Records |
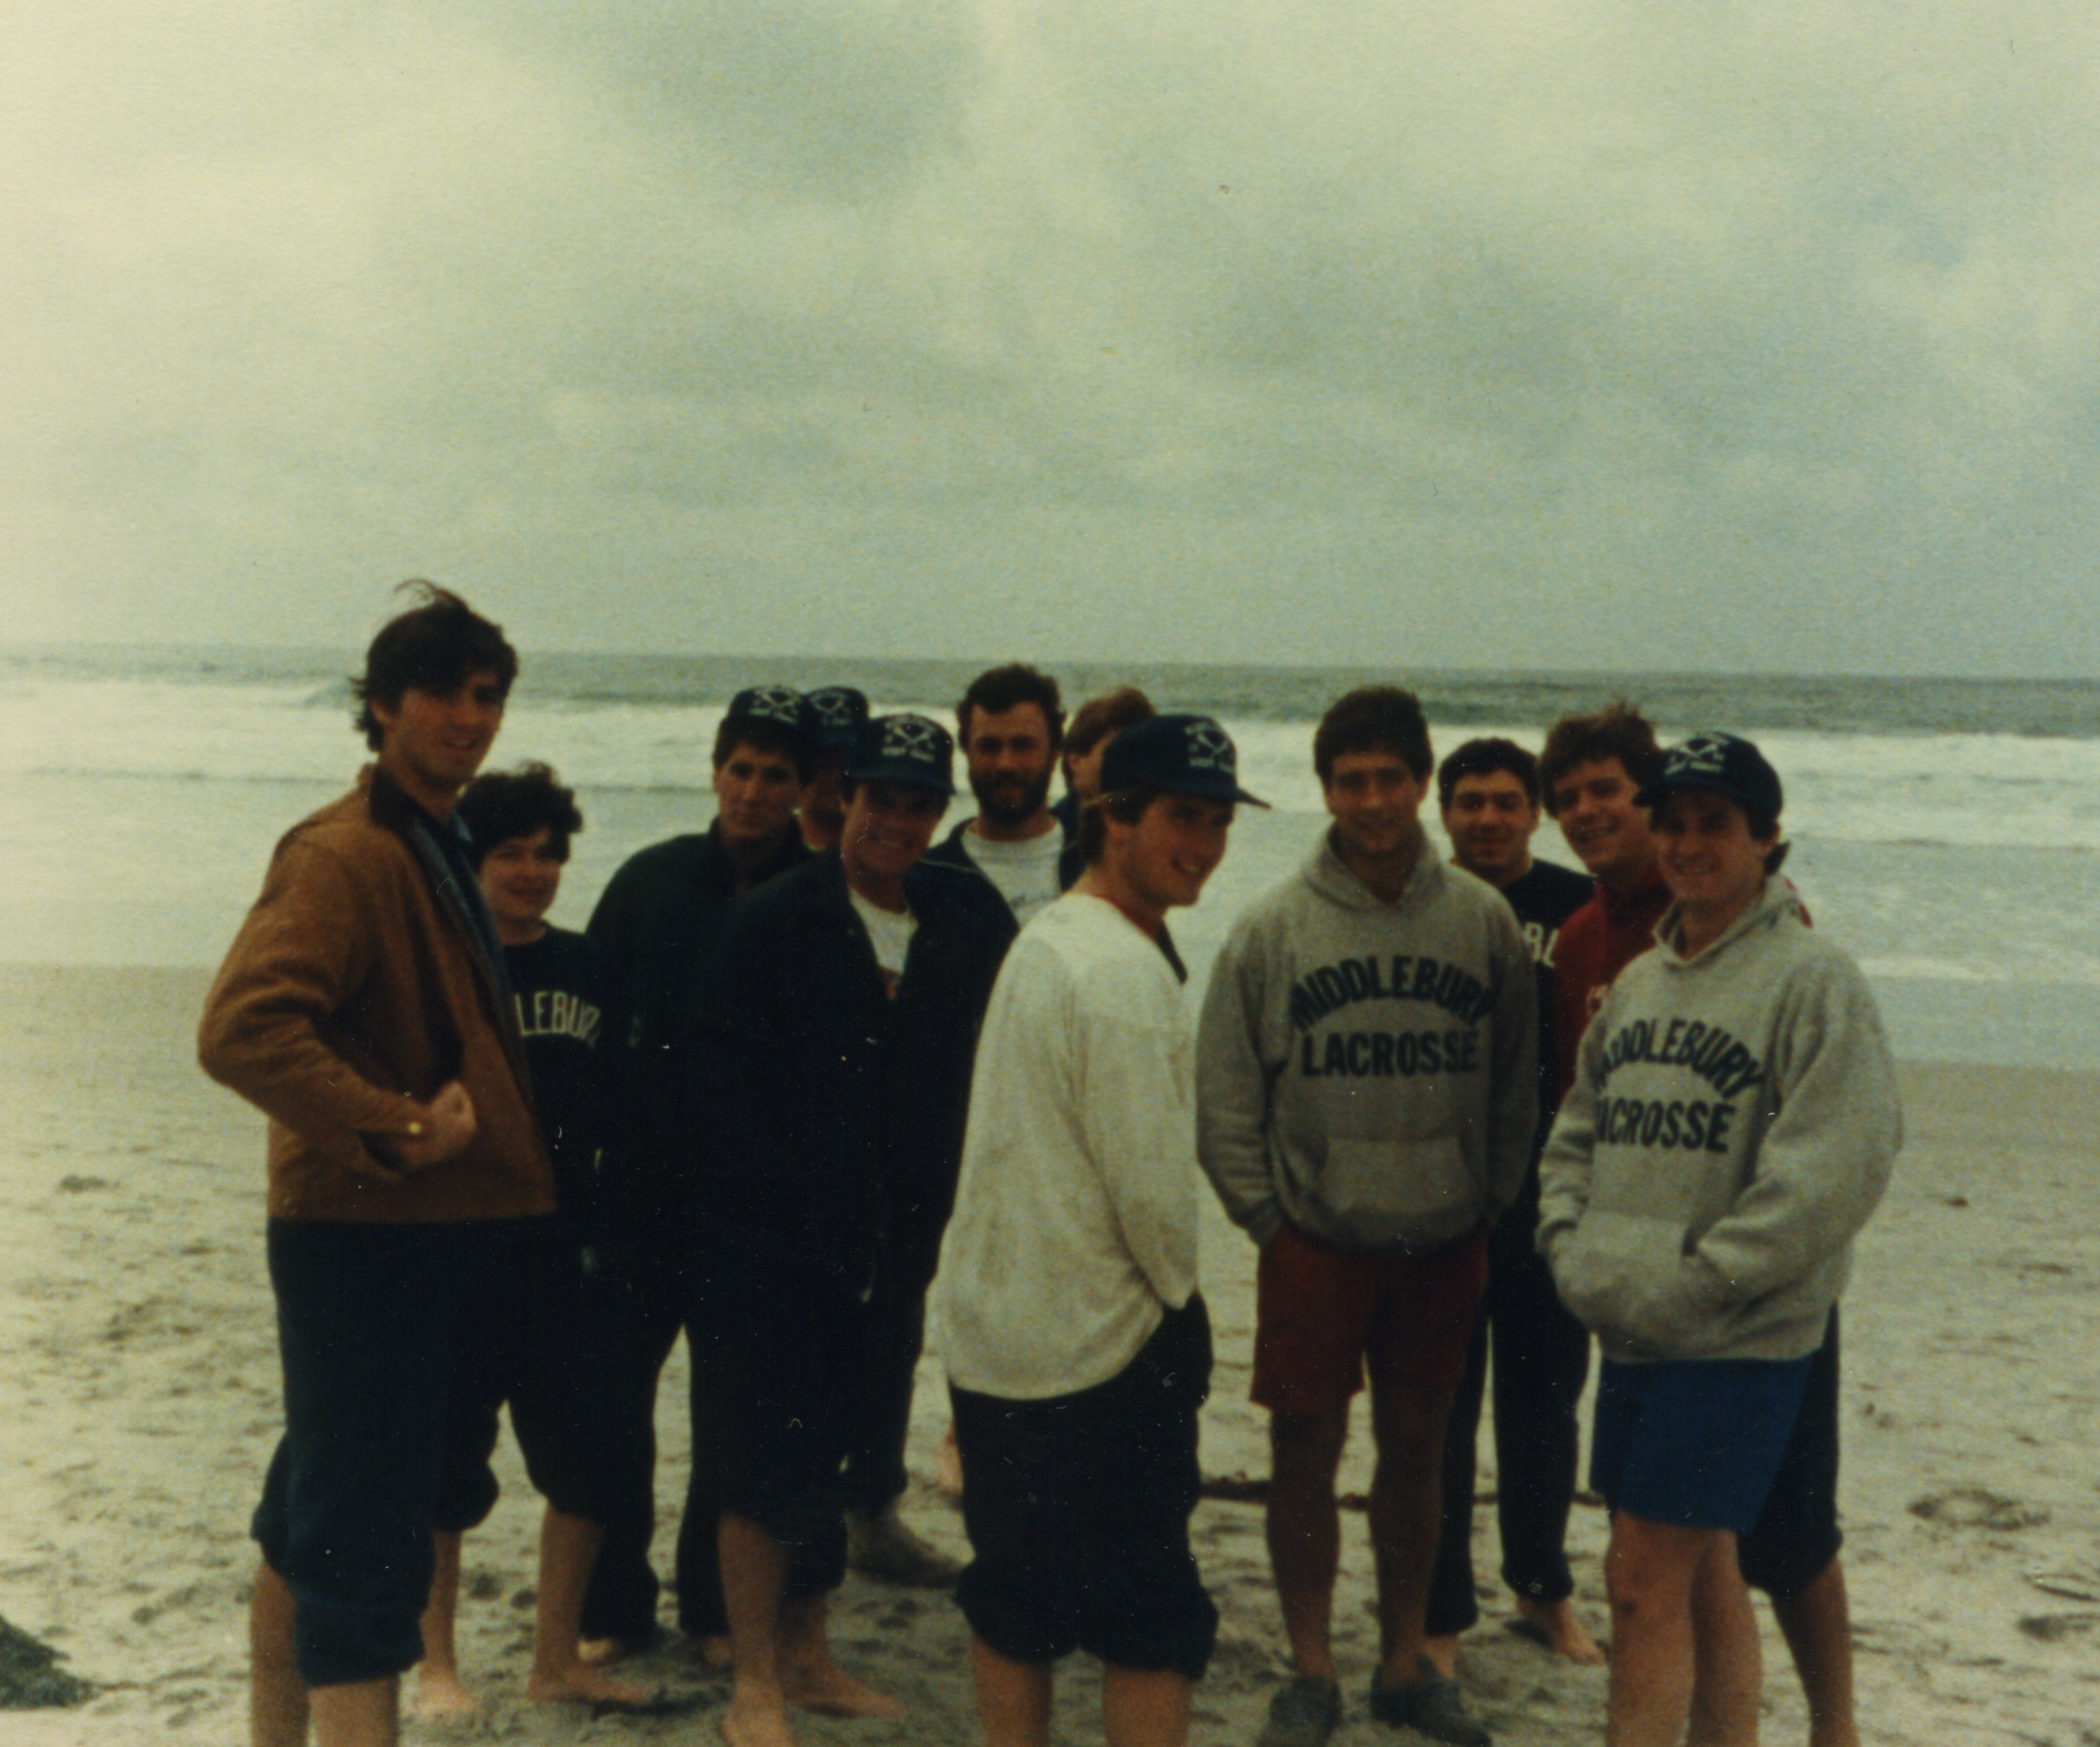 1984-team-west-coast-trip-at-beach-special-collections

==

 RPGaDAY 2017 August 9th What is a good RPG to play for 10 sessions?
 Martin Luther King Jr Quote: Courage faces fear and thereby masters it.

---

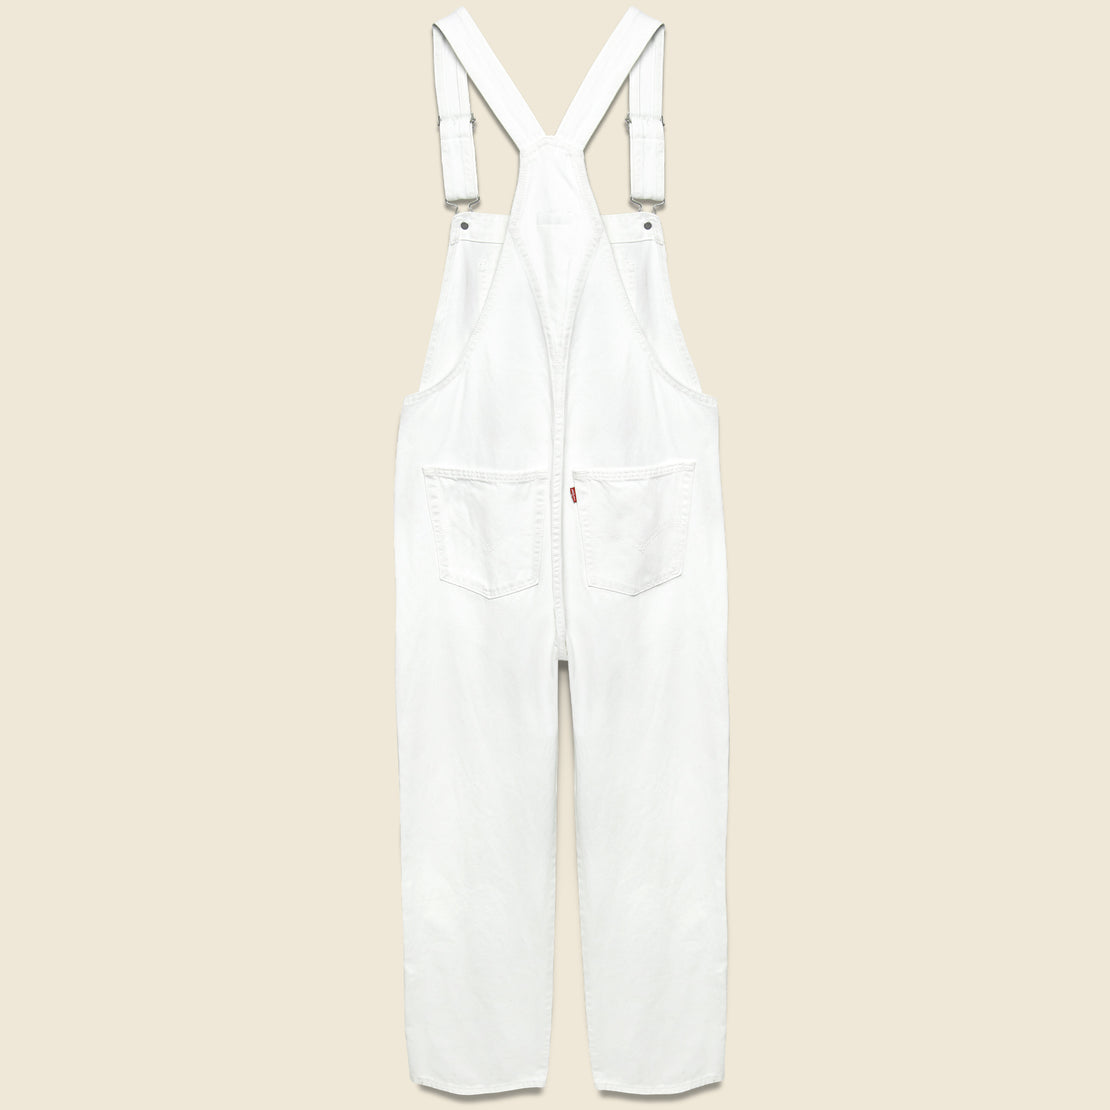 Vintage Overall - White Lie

Your goal | Give back the records above exactly, limited to the lines between the one holding "RPGaDAY 2017 August" and the one holding "Martin Luther King", inclusive.

Written answer |
 RPGaDAY 2017 August 9th What is a good RPG to play for 10 sessions?
 Martin Luther King Jr Quote: Courage faces fear and thereby masters it.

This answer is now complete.